快走
ワインディングロード
曲がりくねった道をあなたはいつも快走している。もちろん、同じ坂を登るにはもっと近道があるだろう。けれども、適度に右へ左へ曲がることで、少し緩やかな坂道をスイスイと駆け上がっている。もっと早く山の頂にたどり着く道があるのではないかと思うかもしれない。それでも少し遠回りすることで、心地よい曲がり道と時折視界がひらける瞬間の気持ちよさをまさに堪能している。もうそれで十分だし、それがいいわけだ。

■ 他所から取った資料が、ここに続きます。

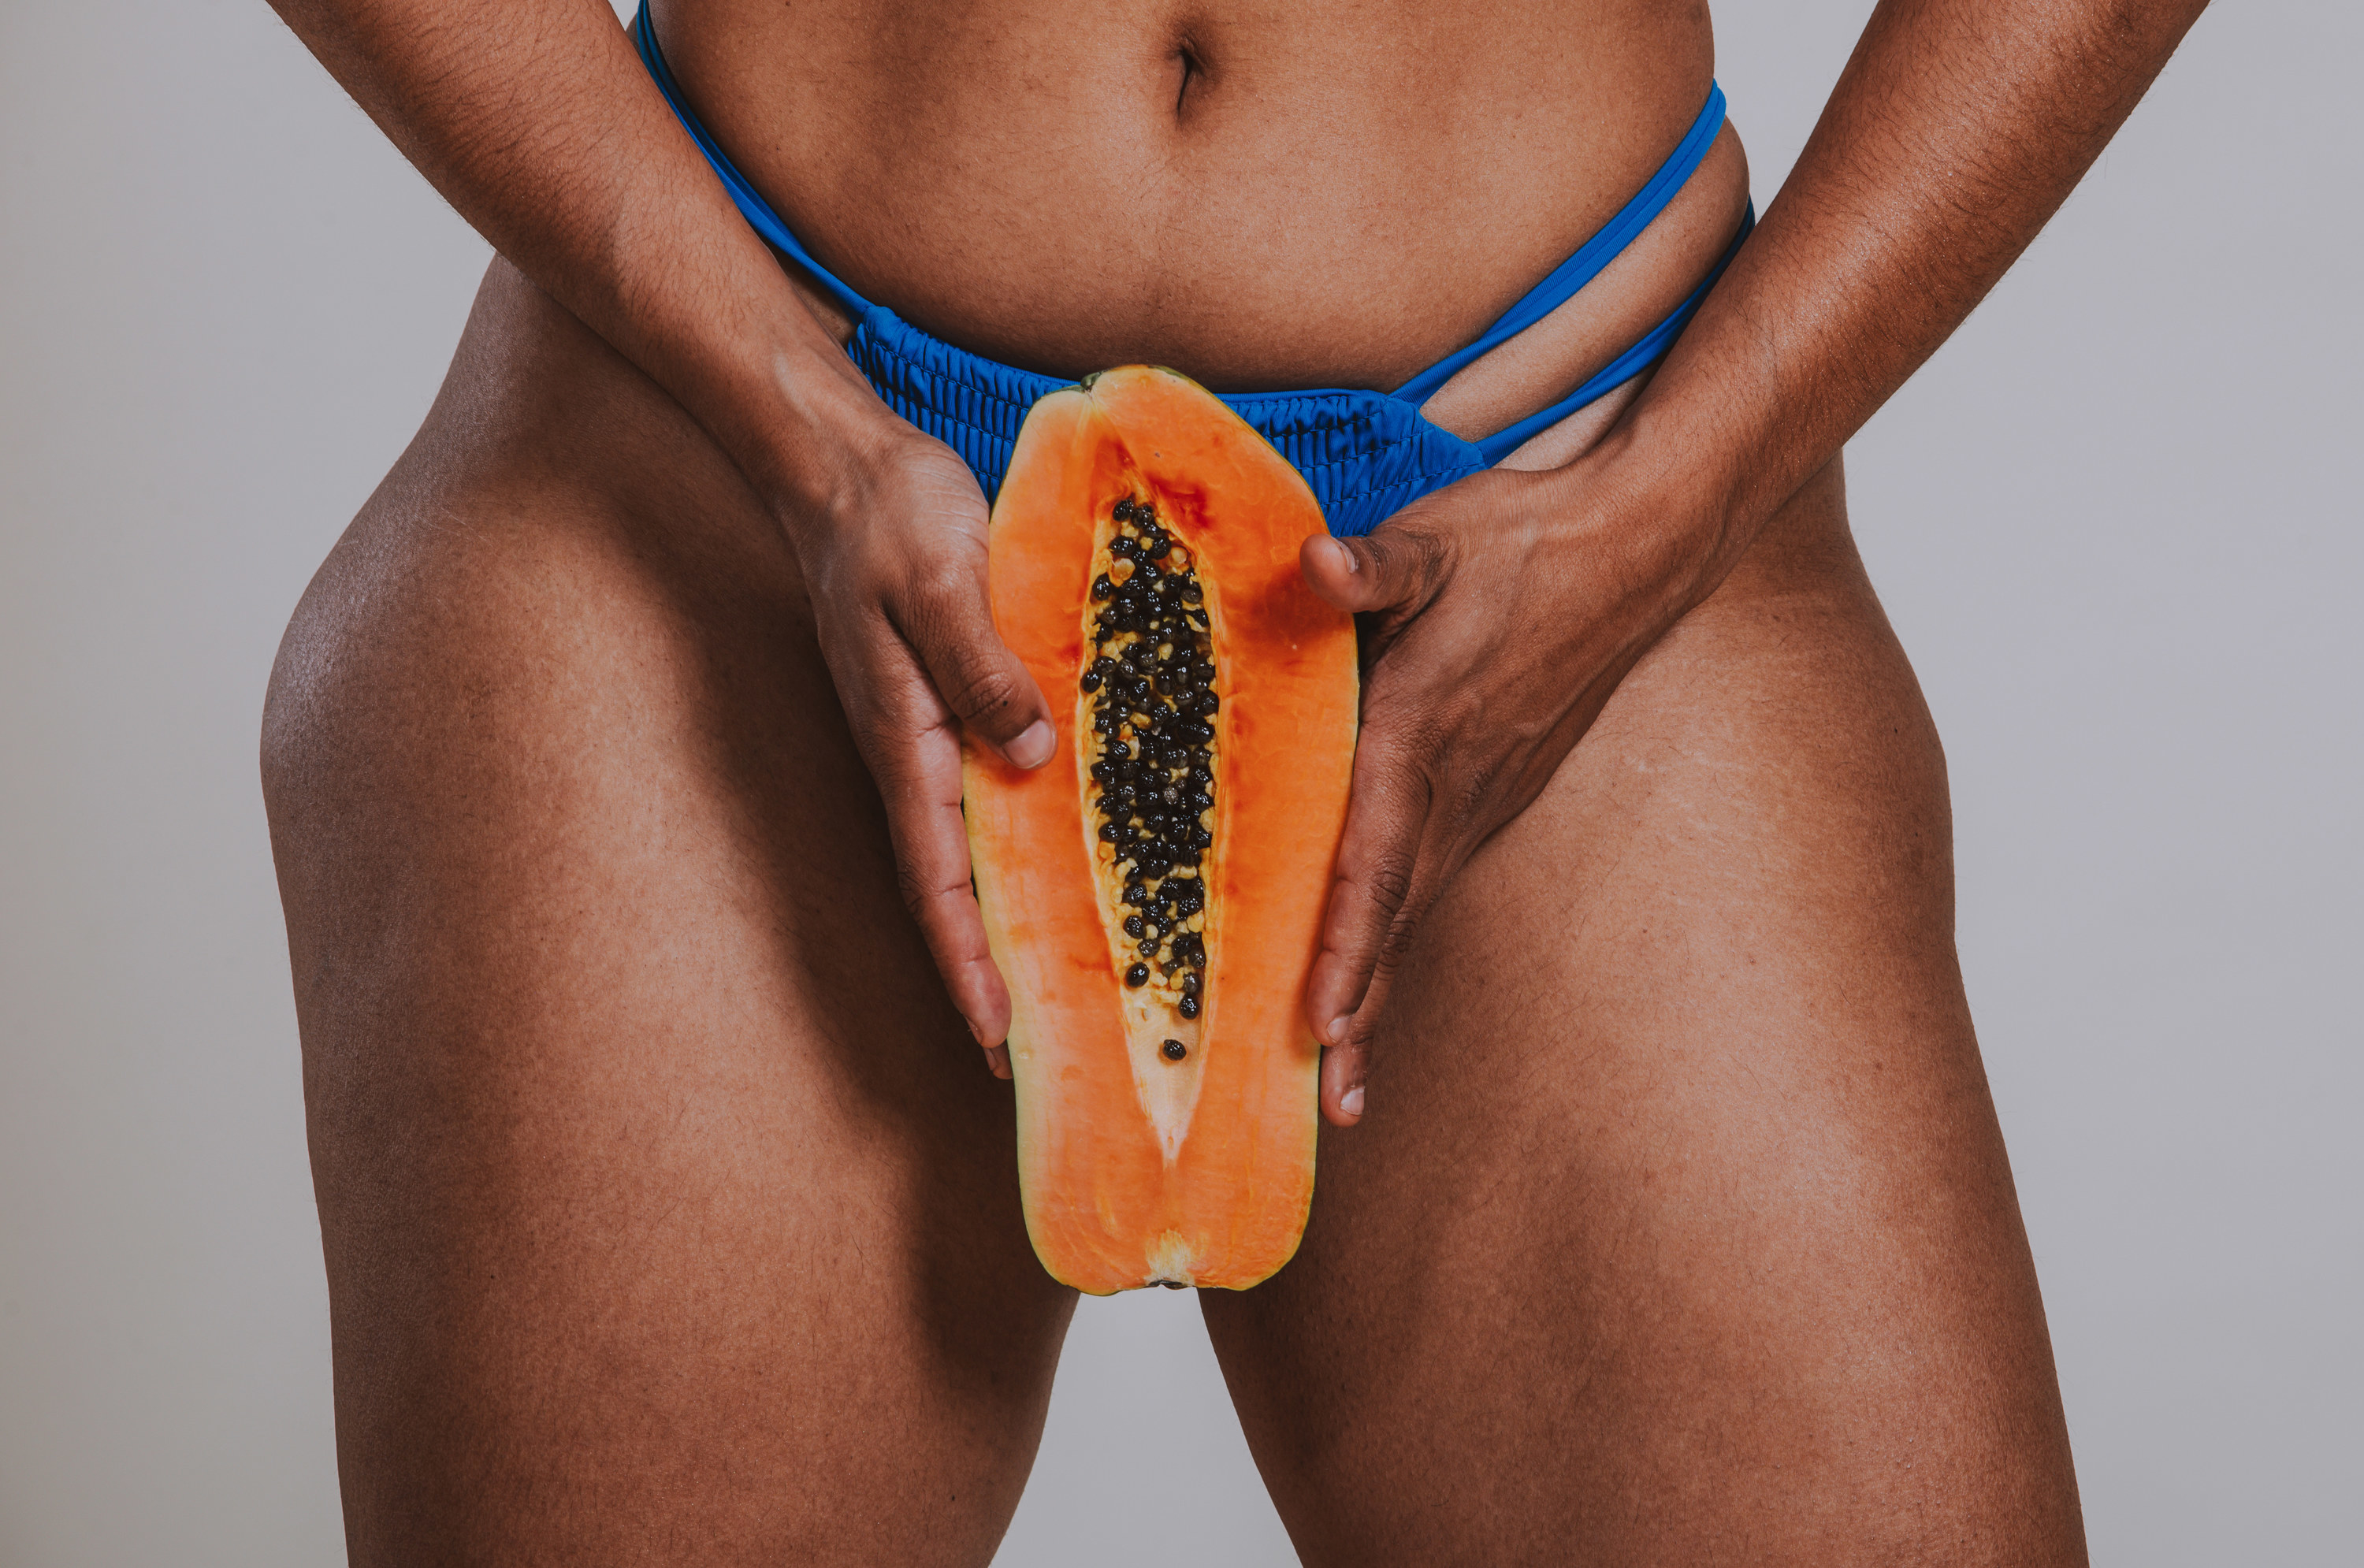 An image of a woman holding a papaya in front of her pelvic region
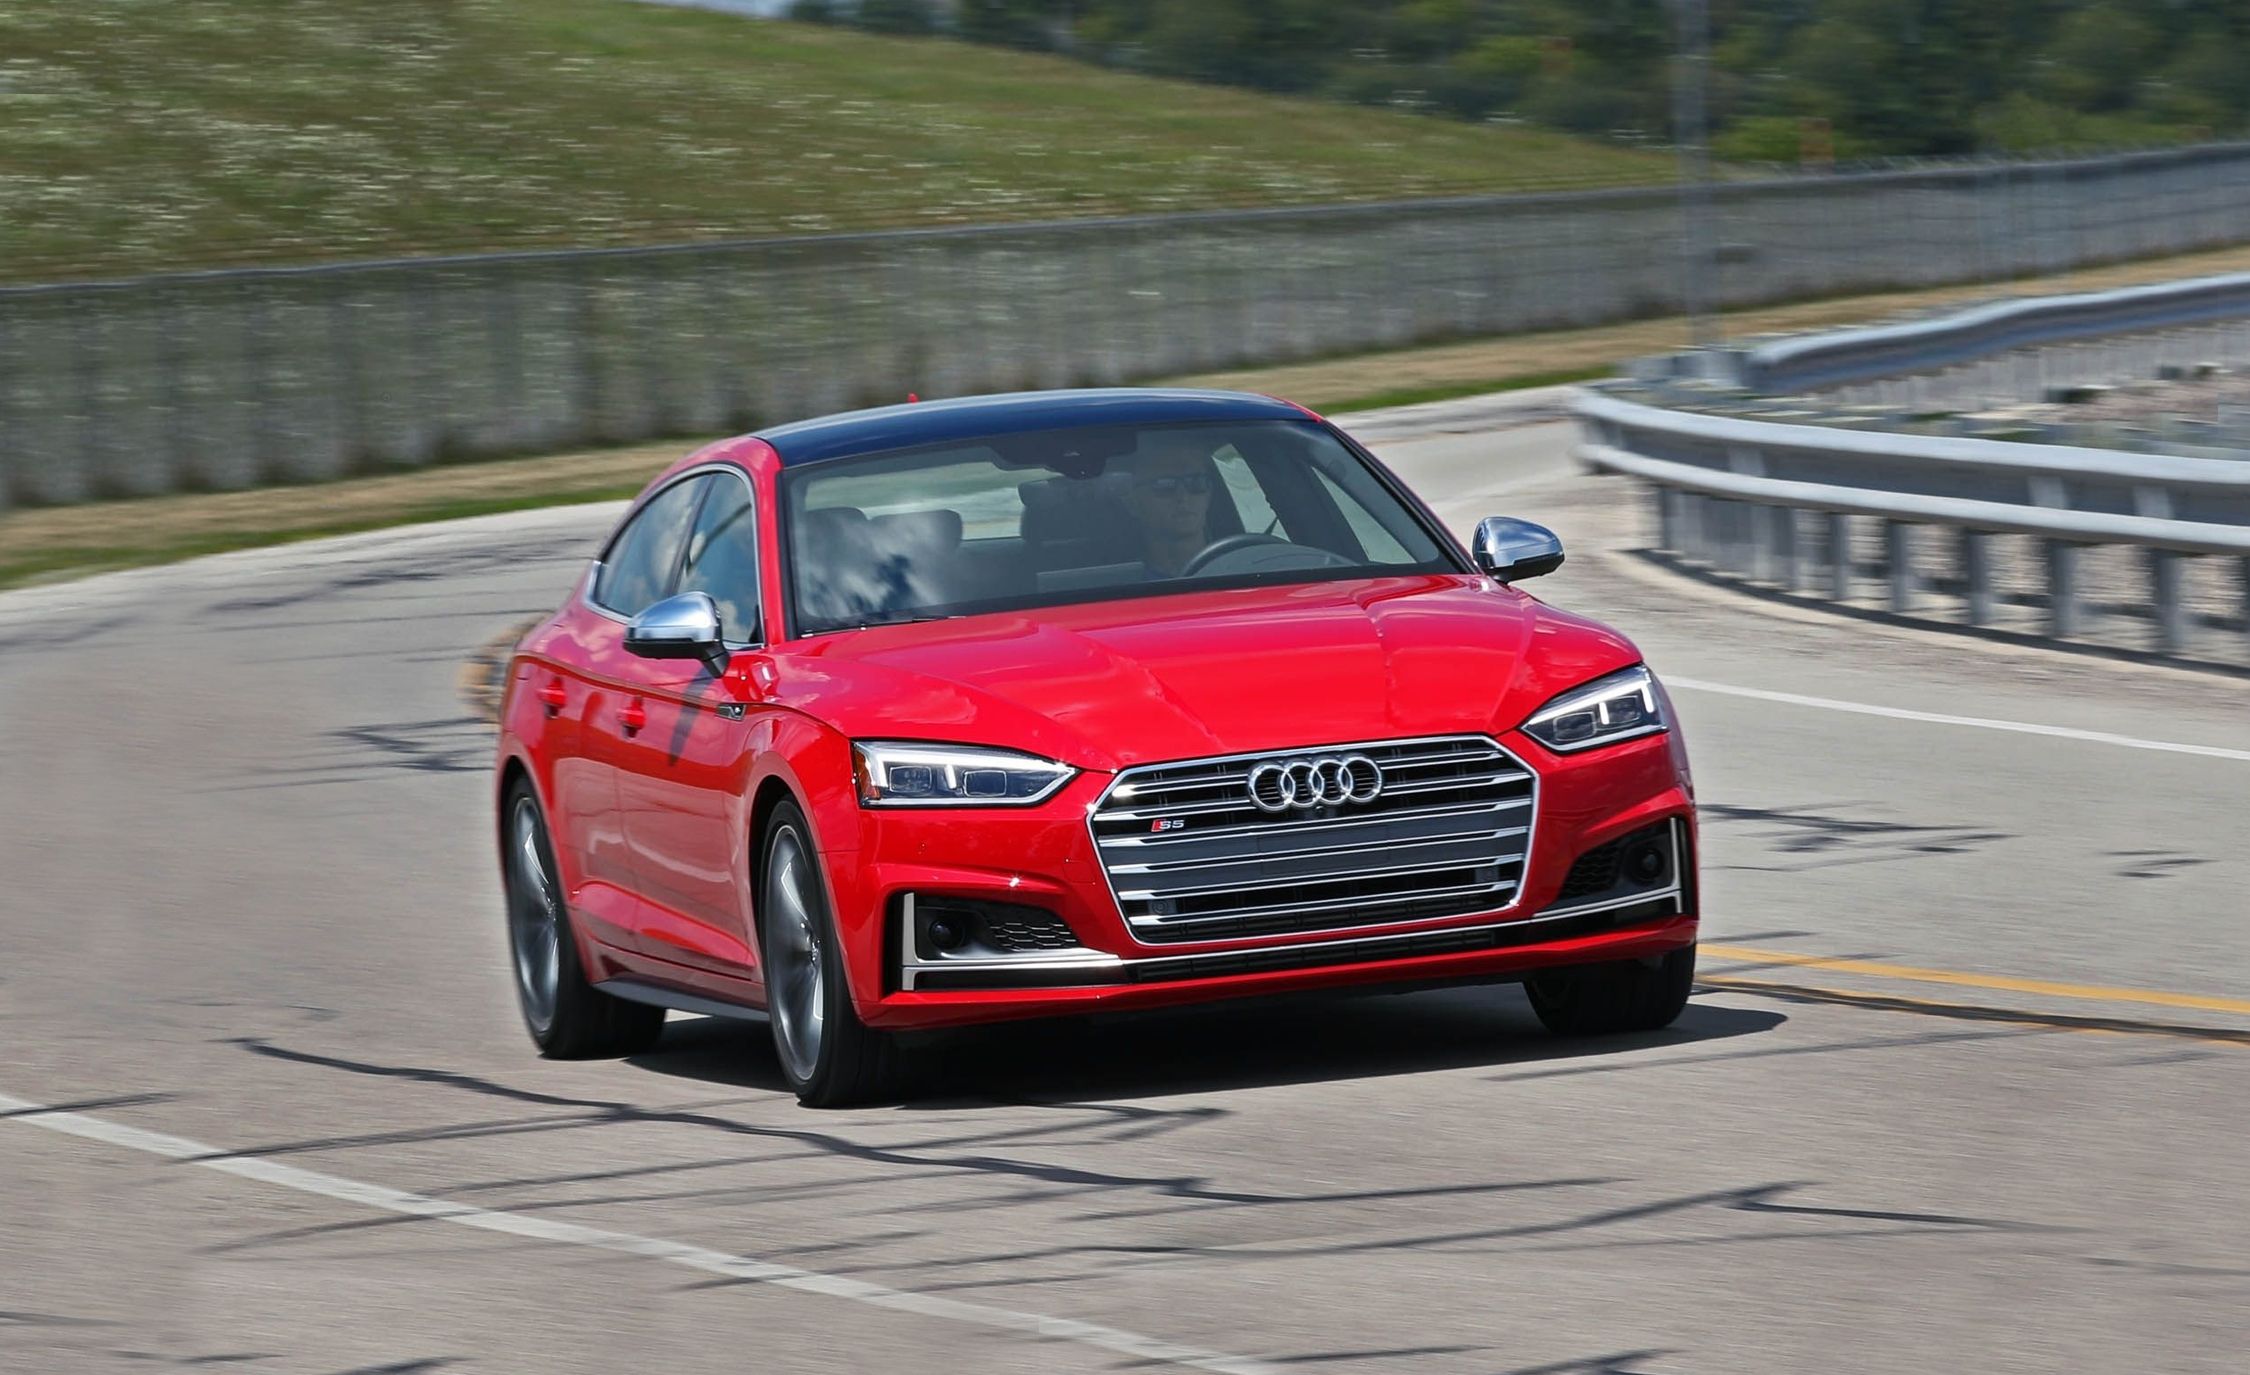 First Drive: 2018 Audi A5 and S5 Sportback

誰かに何かを言われてちょっと気になることもあるかもしれない。遠回りになっていることを知りつつも、それでいいのも十分に納得している状態だね。ここで一番に思っていることは、同じ目的地に到着するにも、あなたにとっての心地よさを一番大切にしているからだね。少し時間はかかるかもしれないけれども、それ自体が愛おしく感じられているはずだから、それ以上の何かを求める必要もないことを知っている。
結果と過程
結果に到達するために、現代では最短距離が望ましいとされている。あなたもその時代の潮流に置いてけぼりにならないように極力無駄を排除しようともがいているわけだ。けれども、その道を選ぶかどうかはあなたが舵を切る。そうしてもいいし、そうしなくてもいい。もっと言えばいつかは必ず目的地に到達するのであれば、それほど急がなくても、つらく思わなくても、その道程を楽しんでもいいわけだ。単なる選択なんだけれども、わざわざつらい選択をする必要もない。少し遠回りになったとしても、そこまで快適に楽しめるのならば多少の時間と距離を使ったとしてもそれがすべてだとも言える。いつも時間に追われて、あくせくして余裕がなく、ましてやその過程を楽しめない時間を過ごすよりも、過程そのものを楽しめるとすれば、人生に豊かな時間がそこに流れるわけだ。結果がすべての時代において、結果より過程がすべてだといってもいい選択となる。
経験
心地よいワインディングロードを走り続ける経験は、それをしなかった人にとっては共有できないだろう。逆にそんな無駄なことをしてもったいないことだと揶揄されることもあるだろう。でも、そうしなかった人にはあなたの心地よさは決してわからない。目的地までをどう走るのかは、あなたが決めることであって誰かのために決めることではないね。いつも遠回りして道草をしているのかもしれないけれども、その道草で起こった奇跡の数々は、どれだけ語ってもそれを知らない人には伝えようがないからね。あなただけの道中がそこにある。そしてそれは誰にも盗られないし、時間の無駄になってはいない。あなたの余白として、ほんの少しの特別な時間として、あなたの宝物になっているはずだからね。一番大切なものの尻尾をそこであなたは掴んでいるはずだ。最短でもなく、楽ちんでもなく、あなたにとってはかけがえのない時間を過ごしているのだからね。